2.    The respondents pay the applicants costs of the respondents interlocutory applications heard on 2 February 2022.

Note:    Entry of orders is dealt with in Rule 39.32 of the Federal Court Rules 2011.

REASONS FOR JUDGMENT

(Delivered ex tempore, revised from transcript)

WIGNEY J:

1    Ms Joanne Dyer successfully applied to the Federal Court of Australia last year for an order that Ms Sue Chrysanthou of senior counsel be restrained from acting for Mr Charles Christian Porter in a defamation proceeding that Mr Porter had commenced: see Dyer v Chrysanthou (No 2) (Injunction) [2021] FCA 641 (the injunction judgment). Ms Chrysanthou and Mr Porter were subsequently ordered to pay Ms Dyer’s costs of those injunction proceedings: see Dyer v Chrysanthou (No 3) (Costs) [2021] FCA 642 (the costs judgment). The question of costs was subsequently referred to a registrar, who determined that Ms Dyer’s costs be determined by way of a lump sum assessment. On 19 January 2022, the registrar ordered that Ms Dyer’s costs be determined in the amount of $430,200 (lump sum costs order).

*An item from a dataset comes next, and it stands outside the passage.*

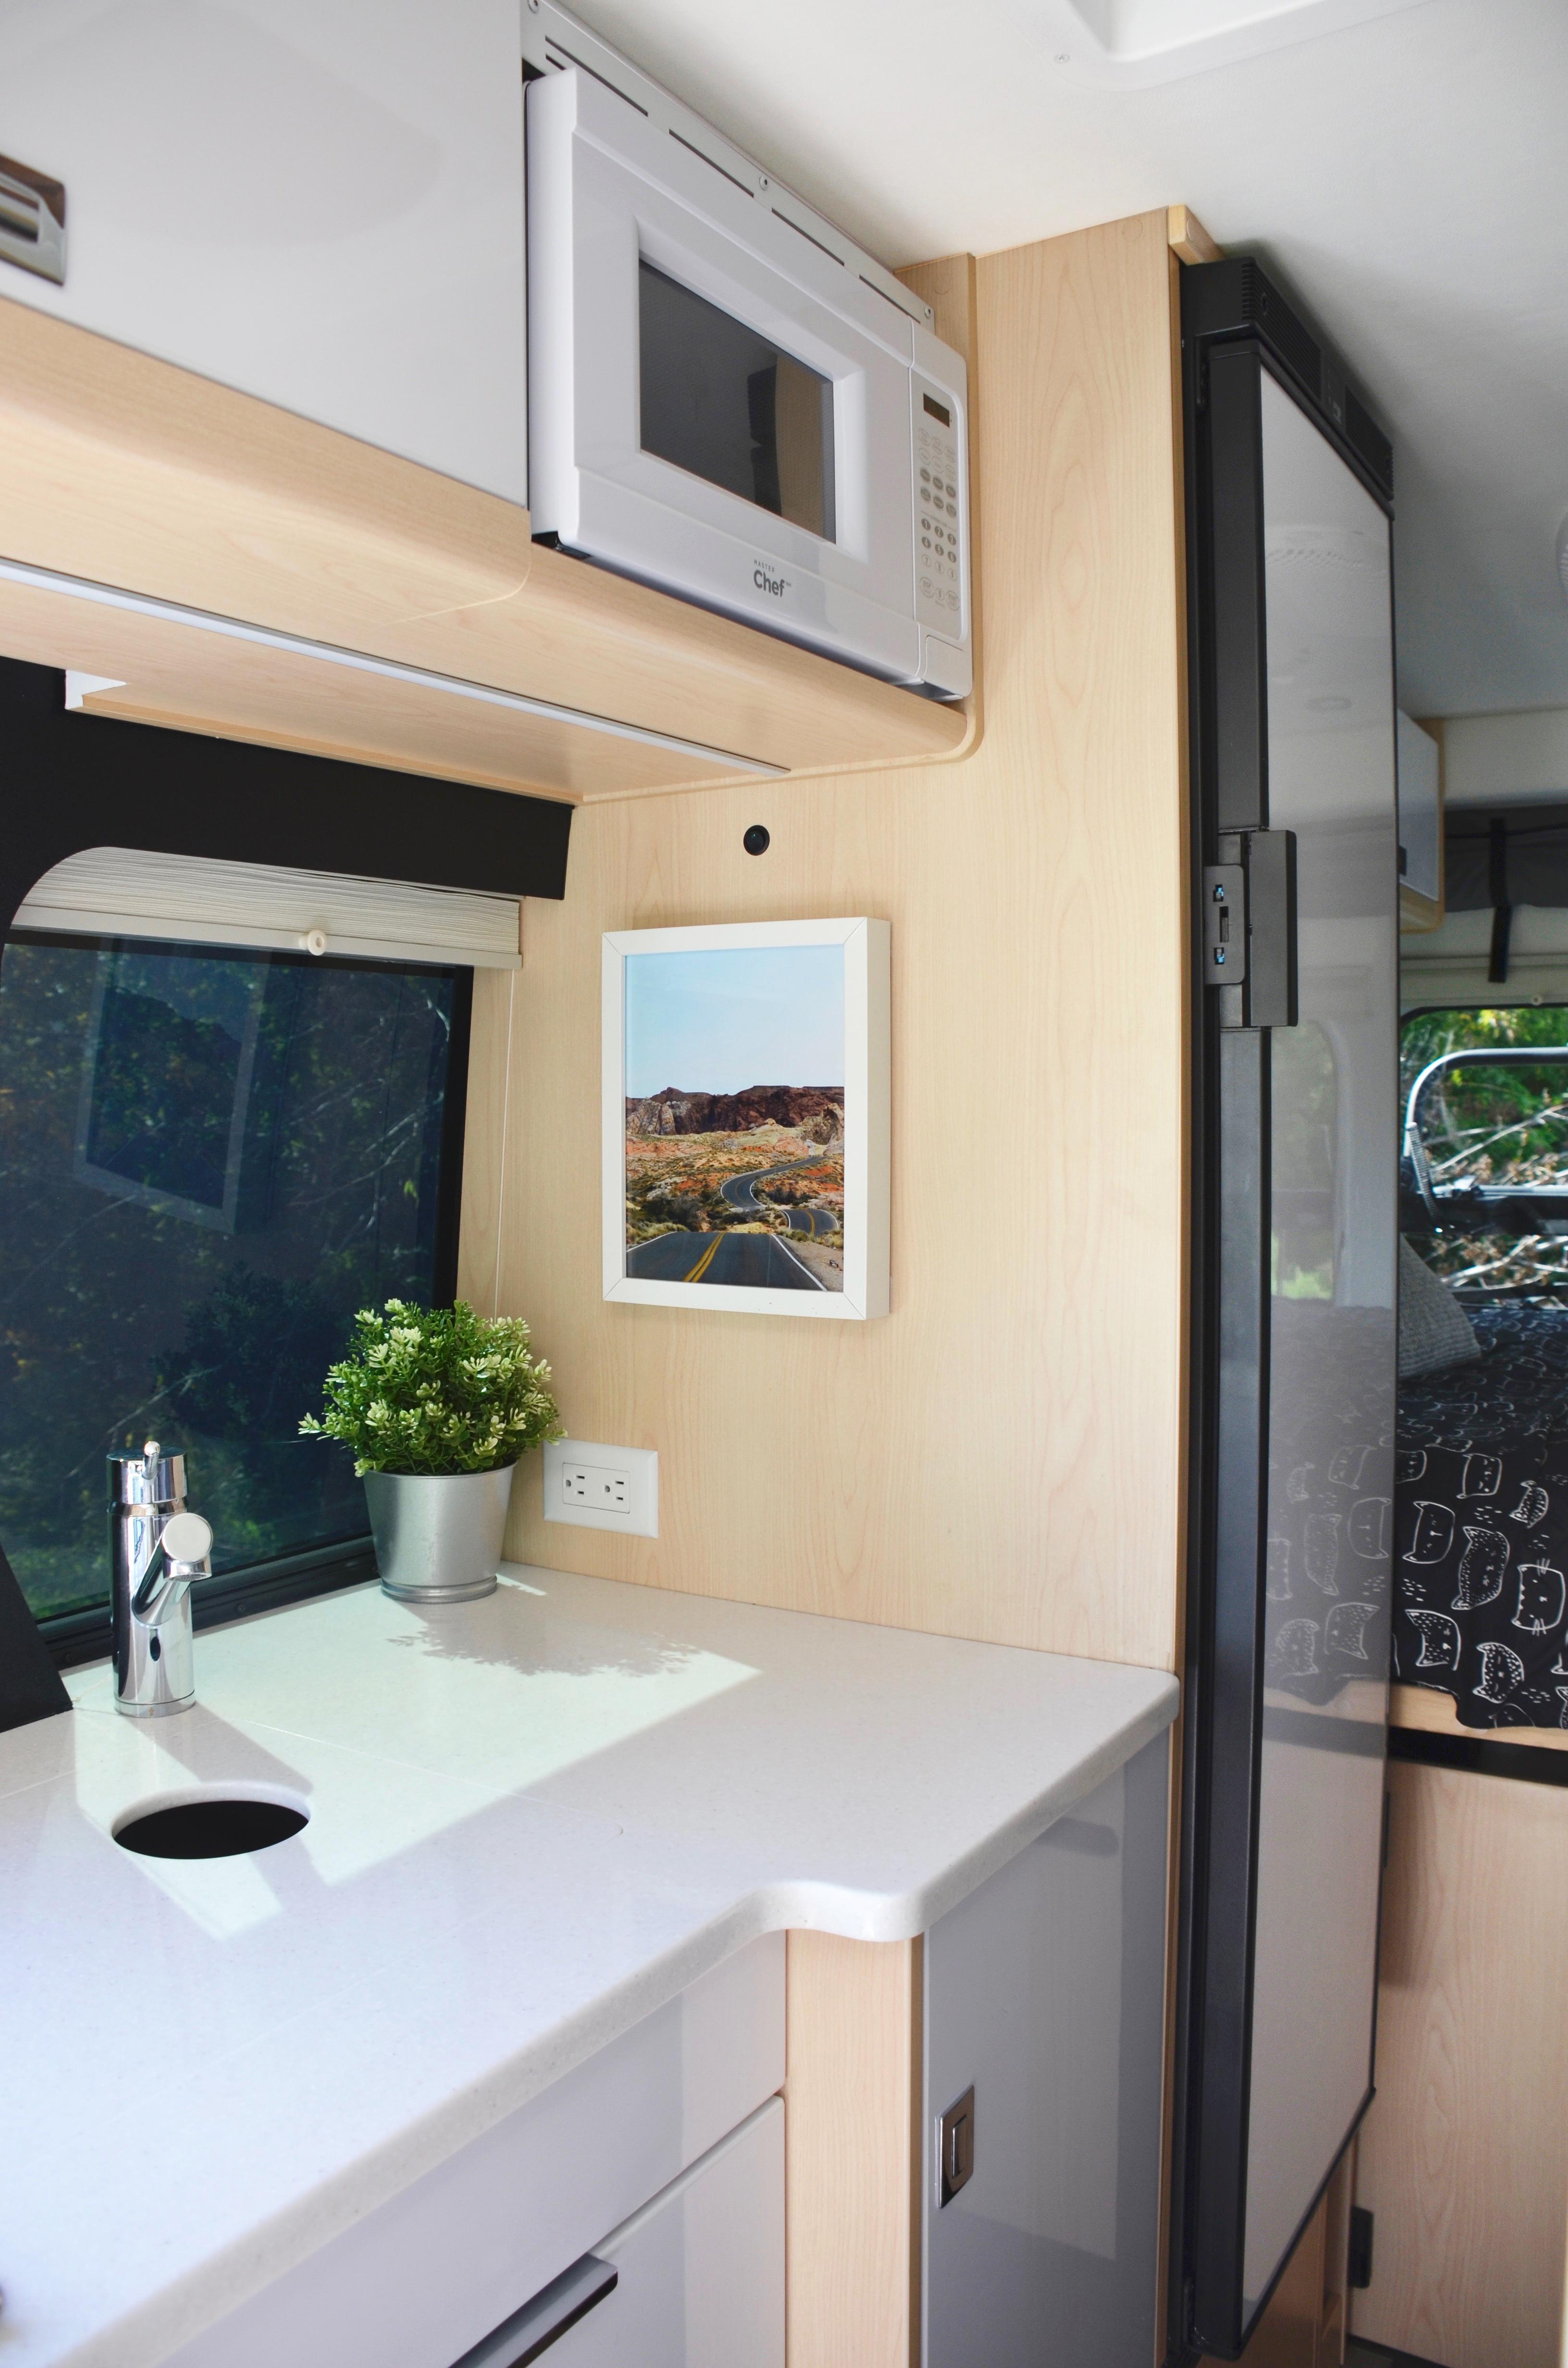 Panoramic RV - Compressor fridge - 1

2    The effect of the costs judgment and lump sum costs order is that Ms Chrysanthou and Mr Porter are required to pay $430,200 to Ms Dyer in respect of her costs of the injunction proceedings. As no time was specified in the lump sum costs order, Ms Chrysanthou and MPorter must pay the assessed sum to Ms Dyer within 14 days of the order: r 39.02 of the Federal Court Rules 2011 (Cth).

3    On 24 June 2021, Mr Porter filed a notice of appeal in respect of, relevantly, the injunction judgment and the costs judgment. On 16 July 2021, Ms Chrysanthou filed a notice of cross-appeal in respect of the costs judgment.

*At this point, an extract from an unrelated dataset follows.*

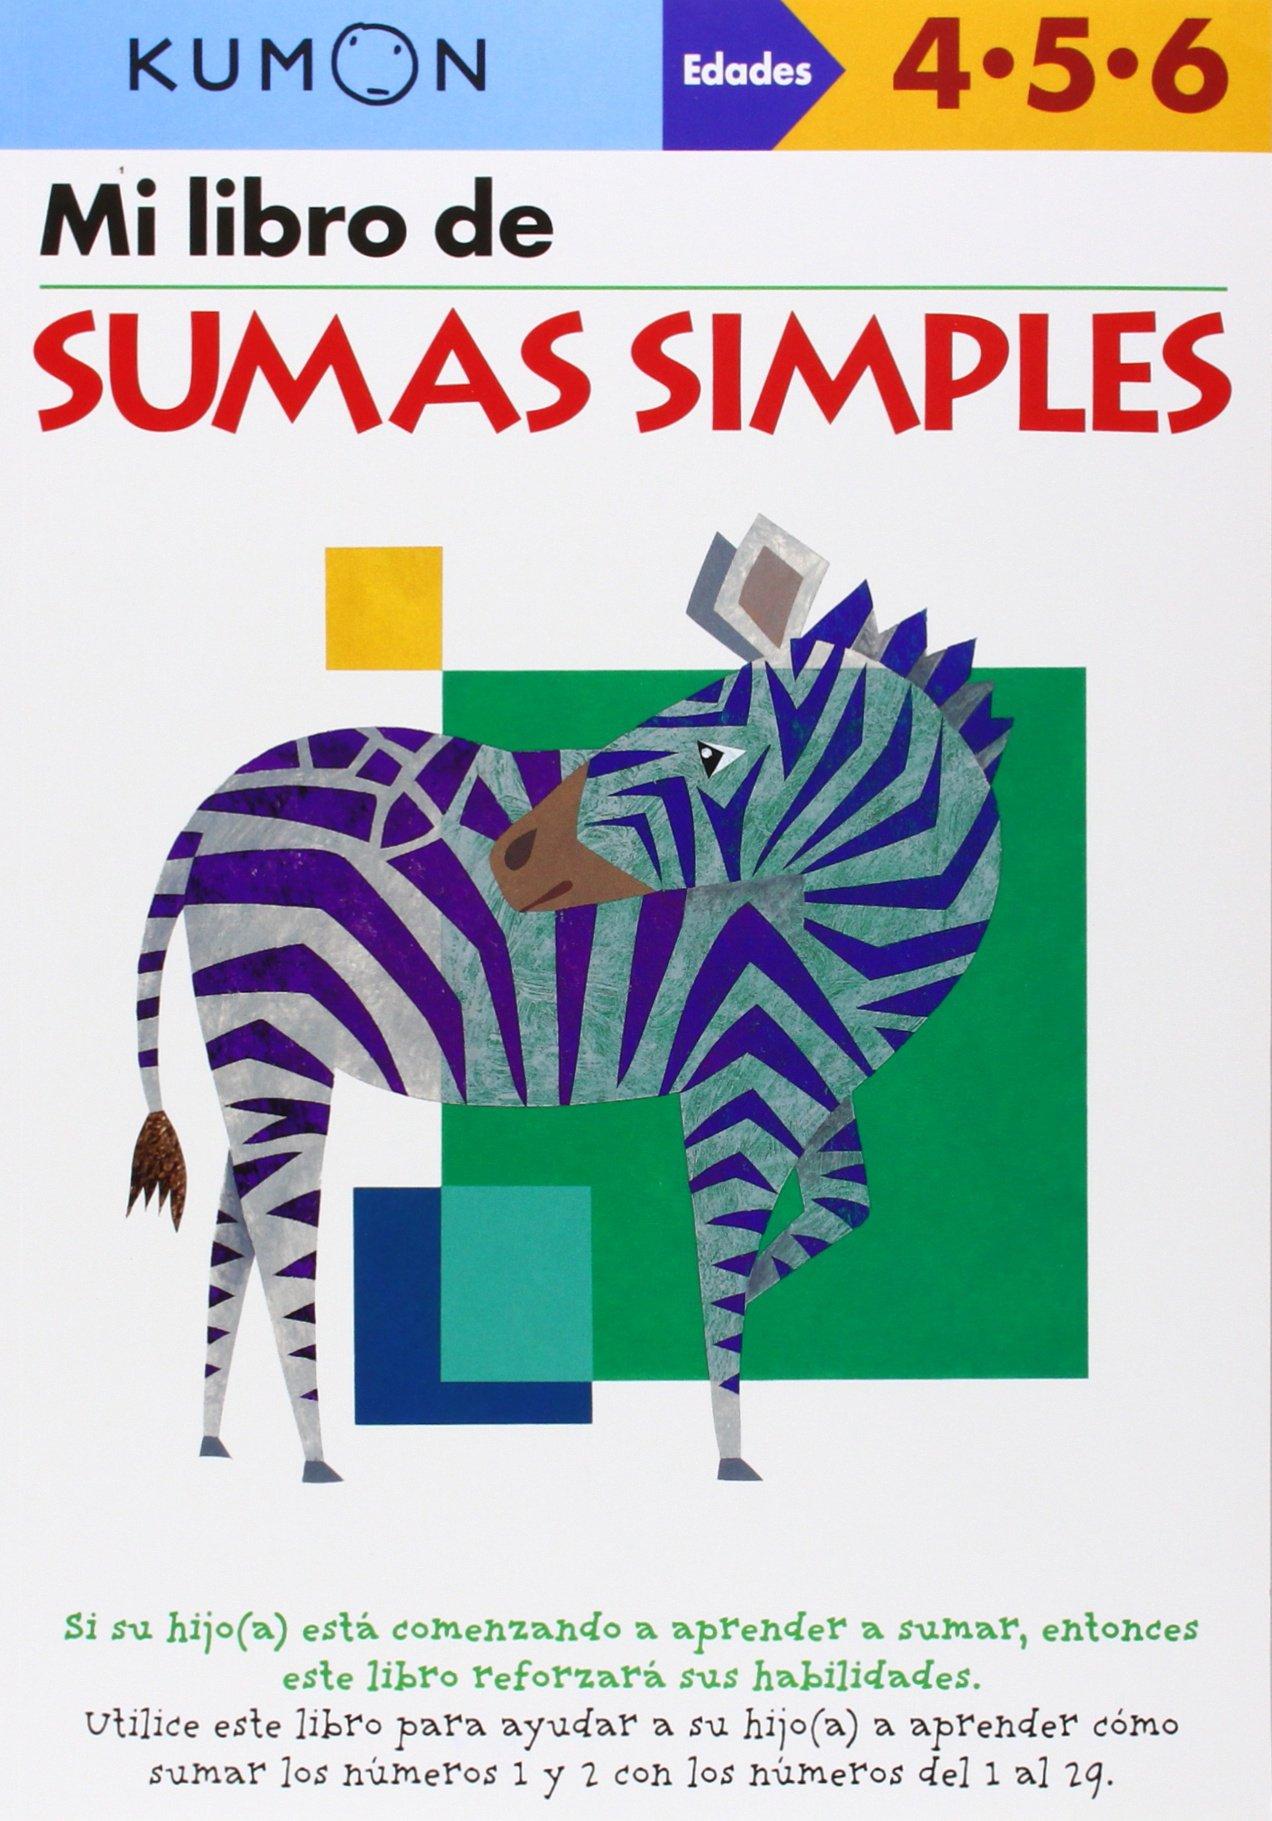 Mi Libro de Sumas Simples (Kumon Workbooks: Basic Skills) (Spanish Edition)  (Spanish) Paperback – March 1, 2009

4    The appeals are listed for hearing before the Full Court on 20 and 21 April 2022.

5    Neither Mr Porter nor Ms Chrysanthou have filed any appeal or application for review of the lump sum costs order, though an appeal or application for review has been foreshadowed.

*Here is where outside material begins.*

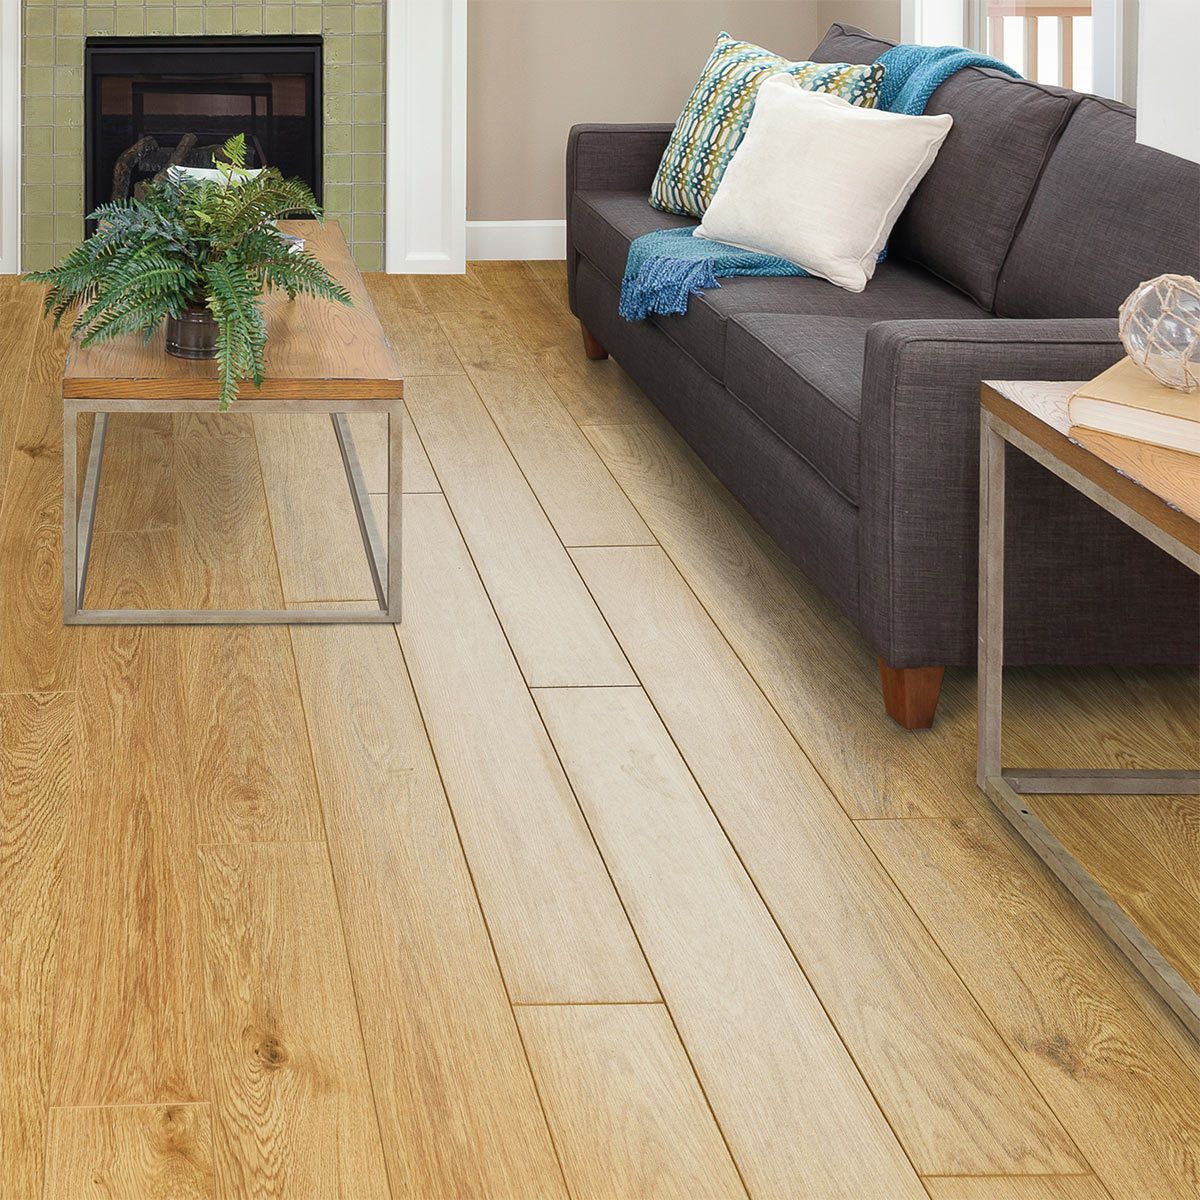 Golden Select Nottingham (Oak) Laminate Flooring with Foam

6    On 2 February 2022, Mr Porter and Ms Chrysanthou filed interlocutory applications seeking various orders, including an order that the lump sum costs orders be stayed pending the determination of the appeals in respect of the injunction judgment and the costs judgment and the determination of any appeal of the lump sum costs order. Those interlocutory applications were listed before me as duty judge on the basis that they were urgent. The urgency was said to be that, if the lump sum costs order is not stayed, Mr Porter and Ms Chrysanthou would have to comply with that order and the $430,200 to Ms Dyer by 4.00pm on 2 February 2022.

7    Rule 36.08 of the Rules provides as follows:

36.08 Stay of execution or proceedings under judgment appealed from

(1)    An appeal does not:

(a)    operate as a stay of execution or a stay of any proceedings under the judgment subject to the appeal; or

(b)    invalidate any proceedings already taken.

(2)    However, an appellant or interested person may apply to the Court for an order to stay the execution of the proceeding until the appeal is heard and determined.

(3)    An application may be made under subrule (2) even though the court from which the appeal is brought has previously refused an application of a similar kind.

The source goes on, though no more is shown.